Organized around the medium of photography, a collection of gazes—an insider’s gaze, a refracted gaze, an inner gaze, an obscured gaze, and a witty gaze— are employed by seven artists each with a unique relationship to the medium. The most widely recognized image on view is perhaps a photograph made by Deborah Willis of artist Carrie Mae Weems in a hair salon, Carrie at Euro Salon, Eatonville (2009–2010). The rhythmic lines that zig zag across the image move viewers through the foreground, middleground, and background. A conversation amongst an assortment of geometric objects—rectangular mirrors, angled countertops, vanity bulbs, and a vintage salon dryer chair—acts as a backdrop. Blocks of color, saturated mint green walls and cabinets, and black linear molding, add another layer of visual dialogue. Weems’ self-gazing into an asymmetrical black edged, handheld mirror, sits as a quiet focal point at the center of the frame. With her back to the viewer, her deep, satin coral blouse echoes a range of tonalities found in the color of the vintage salon chair, her own skin and that of two hairstylists, also present in the photograph, dressed in black. 


Willis simultaneously amplifies and protects the regality of Weems through her mitigation of the photograph’s perspective. A point of view that also encompasses the broader context of the beauty parlor, barber shop or hair salon as a site of self-care, community care, economic achievement, and public discourse. The sociological context of the image is elegantly reinforced through the energized interplay of compositional elements within the frame, juxtaposed with the individual quietude of Weems. From an art historical perspective, Willis’ photograph creates a link to Weems’ iconic 1990 work, The Kitchen Table Series, speaking to an art historical space of Black excellence.


Two equally provocative images by Elliott Jerome Brown Jr., also use composition and framing as tools to mediate the exchange of gazes between the image and the viewer. Employing ambiguity as a storytelling technique, Brown writes that his images become a prime space for curiosity and refusal; ostensibly disrupting any preconceived narratives inherently at the route of questions like, how did you get this? The compositional foregrounding of the protagonists in Brown’s images, in this case two black women, one with her back to the viewer and the other offering a relaxed direct gaze, provocatively situate black bodies in space. The cropping of each image symbolically suggests that the full personhood of each woman is too large for a photographic frame, and thus any definitive comprehension by a viewer.

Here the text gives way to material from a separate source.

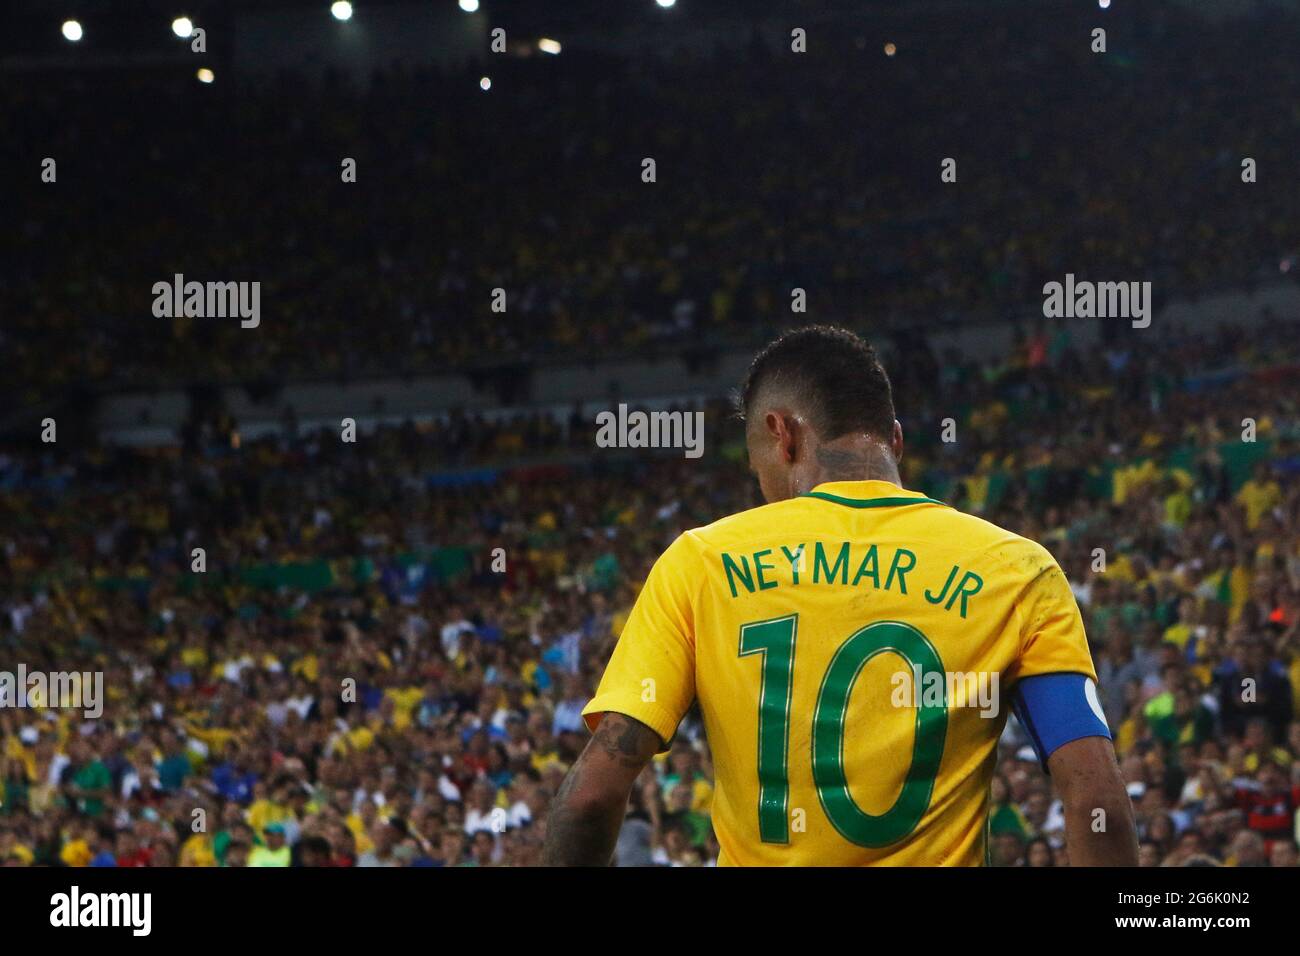 Neymar Jr Brazilian Soccer Player Superstar At Maracana Stadium National Team Forward At Final Gold Medal Match At Rio 16 Olympic Games Stock Photo Alamy

A delightfully rich dialogue of insider gaze’s is at work both conceptually and literally within the image, The tire grits its teeth along the gravel and brakes to silence - a pause for effect. / Have you ever siphoned rupture through a narrow opening? / (Do you know the control it takes to slingshot a sound?) (2018); while a nod to Roy DeCarava’s poetically exquisite use of dark and deep tonalities is present in the image, Syllables of joy and devastation (2) (2018).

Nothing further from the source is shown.